One 2023 study found that doctors were significantly more likely to prescribe HRT (hormone replacement therapy) for white women than for other ethnicities. Highlighting the need for more education surrounding racial bias and menopause amongst GPs.

So, when should I start prepping? And, how do I prepare?

“You’re never too young to start learning about menopause,” says Dr Lakhani, who is of the belief that having as much knowledge as possible on what symptoms can look like, and being in tune with how those symptoms appear in your body is of great importance.

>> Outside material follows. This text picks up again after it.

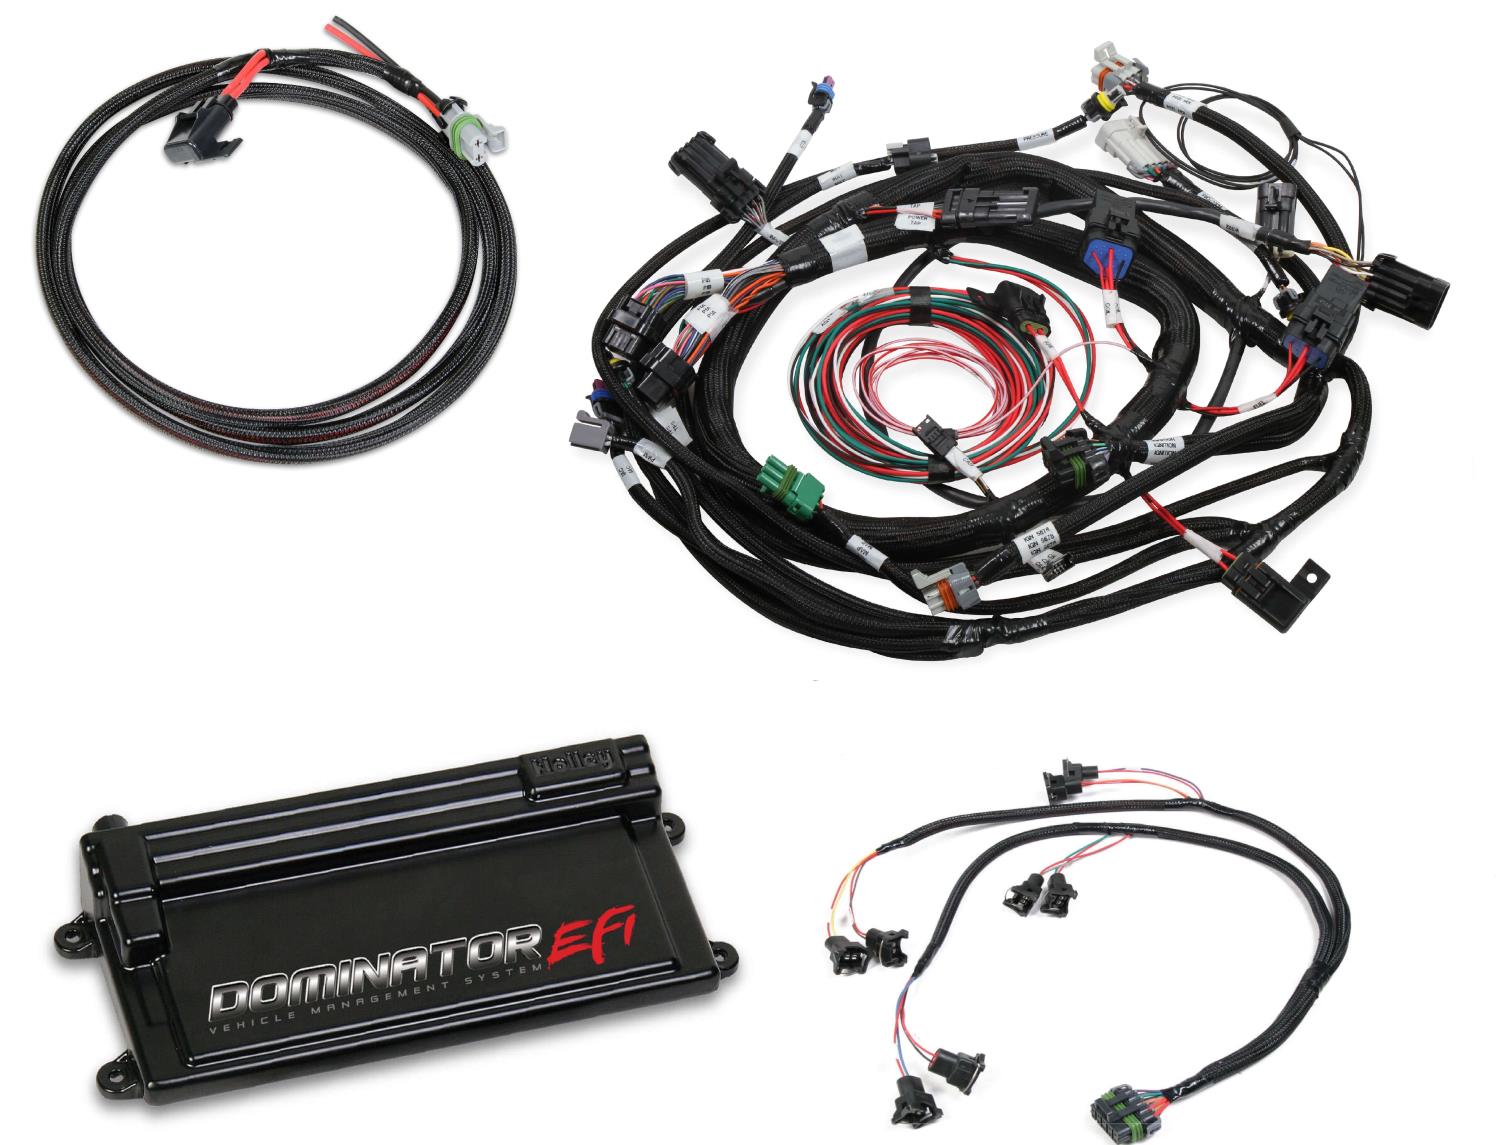 Dominator EFI ECU with Universal (Ford Engines) Main Harness w/Coil-On-Plug Sub Harness and EV1 Injector Harness

She says that most people think of hot flushes and the absence of periods when they think of menopause. But, when it comes to seeking support, these symptoms are the last thing on their mind. She explains that while the physical symptoms can be an inconvenience for her patients, and in some cases quite debilitating, most of them can take it in their stride.

“What they’re not prepared for, is the mental health issues that go along with the hormonal changes. Anxiety, depression, losing all their confidence, feeling like they don’t belong in the environment that they’re in, they get impostor syndrome,” Dr Lakhani lists.

Explaining further, Dr Lakhani says that the best way to prepare is to get to know your base level of normal and monitor any symptoms you feel creeping up on you. Be that achy joints or sudden feelings of anxiety or depression (especially if you’ve never experienced these things in the past).

If you’re concerned you’re beginning perimenopausal, the best thing to do is speak with your GP about your symptoms. “A thorough medical evaluation and discussion of symptoms with a healthcare professional are vital steps in understanding your menopausal transition,” advises Dr O’Neill.

Dr O’Neill explains that there are several tests that can provide valuable information on where you’re up to. “Hormone level testing, such as measuring follicle-stimulating hormone (FSH) can help determine if you’re approaching menopause. Other hormones (such as oestradiol and luteinising hormone) can also be helpful to assess whether you are going through menopause,” she says.

Continuing, she states that, importantly, these tests should be analysed along with your menstrual cycle patterns and symptoms. “This is why you cannot diagnose menopause in people who are using hormonal contraception, as these medications skew natural levels of FSH as well as affect your menstrual cycles,” she says.

Her advice to anyone worrying about menopause, or wanting to know more, is to learn about the symptoms, available treatments and lifestyle adjustments you can make.

“They will empower you to manage this phase effectively,” she encourages. “By fostering open dialogue and eradicating the stigma associated with menopause, we empower women to take charge of their health and well-being during this significant life transition.”